The main task of the OS is detecting the deadlocks. The OS can detect the deadlocks with the help of Resource allocation graph.
Fig 10 – Detection
In single instanced resource types, if a cycle is being formed in the system then there will definitely be a deadlock. On the other hand, in multiple instanced resource type graph, detecting a cycle is not just enough. We have to apply the safety algorithm on the system by converting the resource allocation graph into the allocation matrix and request matrix.
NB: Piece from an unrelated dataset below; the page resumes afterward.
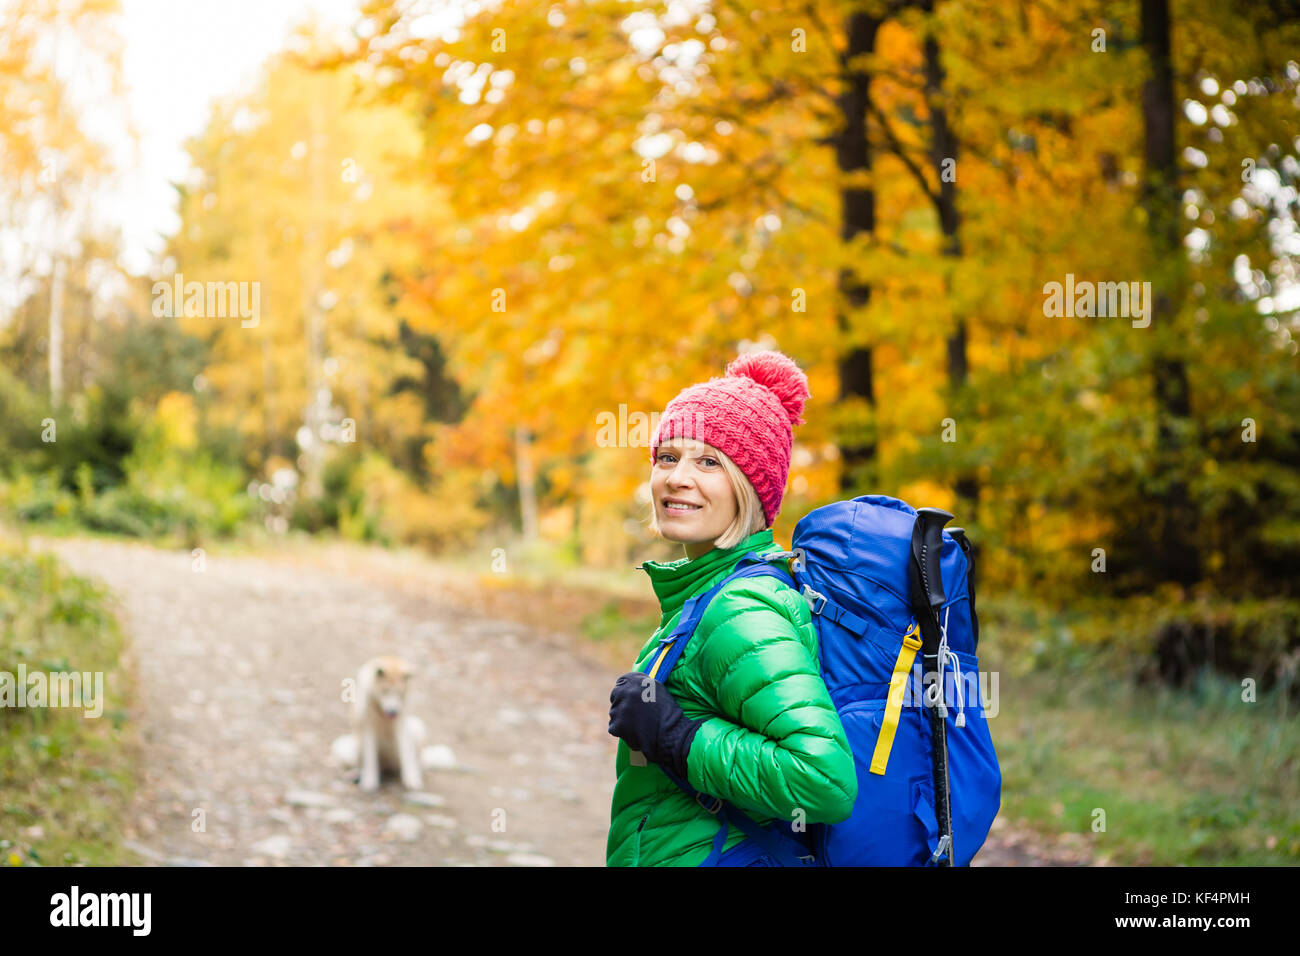 Wandern Frau mit Rucksack, Kamera und inspirierende Herbst goldene Wälder. Fitness Reisen und gesunden Lebensstil im Freien im Herbst Saison. Trav Stockfoto
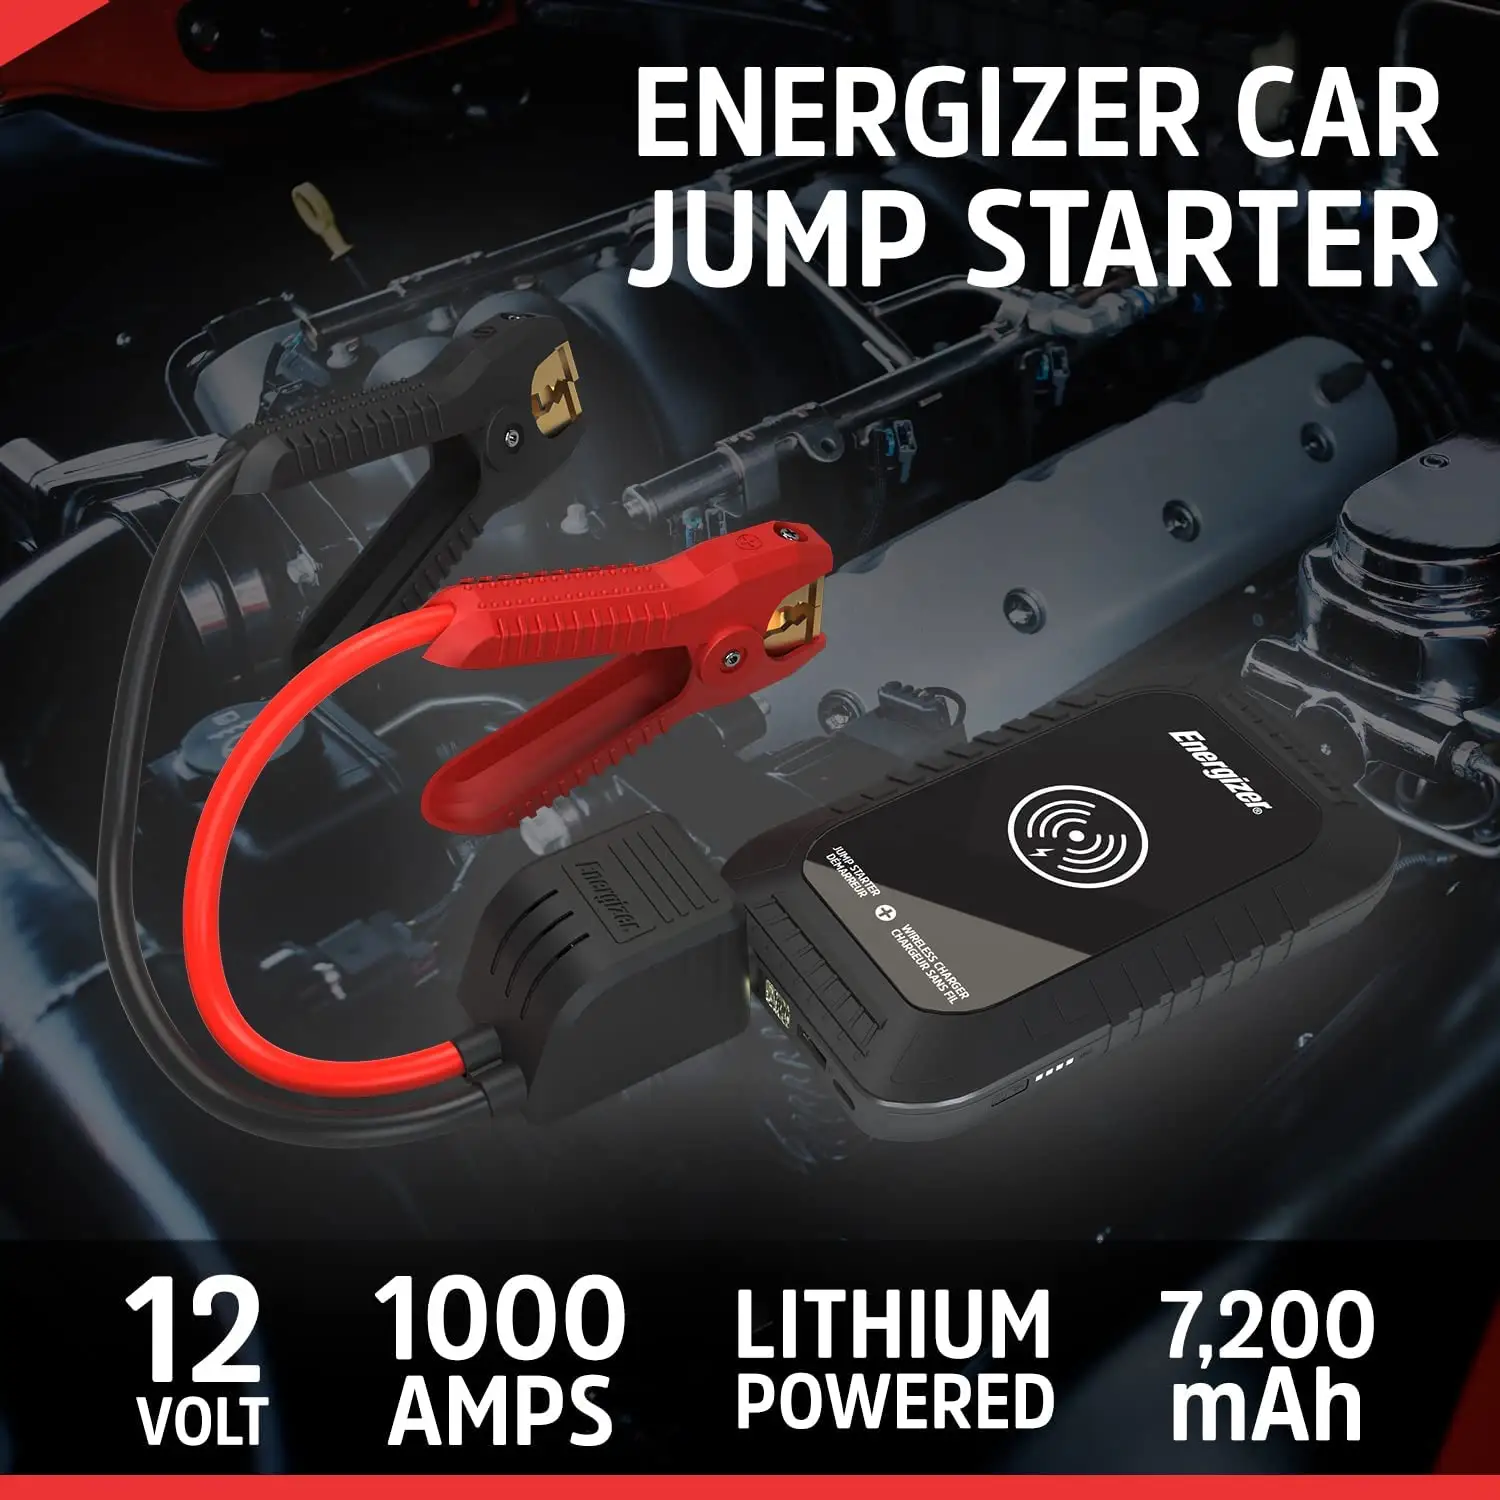 Energizerカーバッテリージャンプスターターパワーバンク12v 1000a 7200mahバッテリージャンプスターター、ワイヤレス充電付き

In order to recover the system from deadlocks, either OS considers resources or processes.
For Resource
Pre-empt the resource
We can snatch one of the resources from the owner of the resource (process) and give it to the other process with the expectation that it will complete the execution and will release this resource sooner. Well, choosing a resource which will be snatched is going to be a bit difficult.
Rollback to a safe state
System passes through various states to get into the deadlock state. The operating system can roll back the system to the previous safe state. For this purpose, OS needs to implement check pointing at every state.
The moment, we get into deadlock, we will rollback all the allocations to get into the previous safe state.
For Process
Kill a process
Killing a process can solve our problem but the bigger concern is to decide which process to kill. Generally, Operating system kills a process which has done least amount of work until now.
Kill all process
This is not a suggestible approach but can be implemented if the problem becomes very serious. Killing all process will lead to inefficiency in the system because all the processes will execute again from starting.
Fig 11 - Recovery
Key takeaway
In this approach, The OS doesn't apply any mechanism to avoid or prevent the deadlocks. Therefore, the system considers that the deadlock will definitely occur. In order to get rid of deadlocks, The OS periodically checks the system for any deadlock. In case, it finds any of the deadlock then the OS will recover the system using some recovery techniques.
The main task of the OS is detecting the deadlocks. The OS can detect the deadlocks with the help of Resource allocation graph.
References:
1. Operating Systems (5th Ed) - Internals and Design Principles by William Stallings, Prentice Hall India, 2000.
2. Operating System: Concepts and Design by Milan Milenkovik, McGraw Hill Higher Education.
3. Operating Systems - 3rd Edition by Gary Nutt, Pearson Education.
4. Operating Systems, 3rd Edition by P. Balakrishna Prasad, SciTech Publications.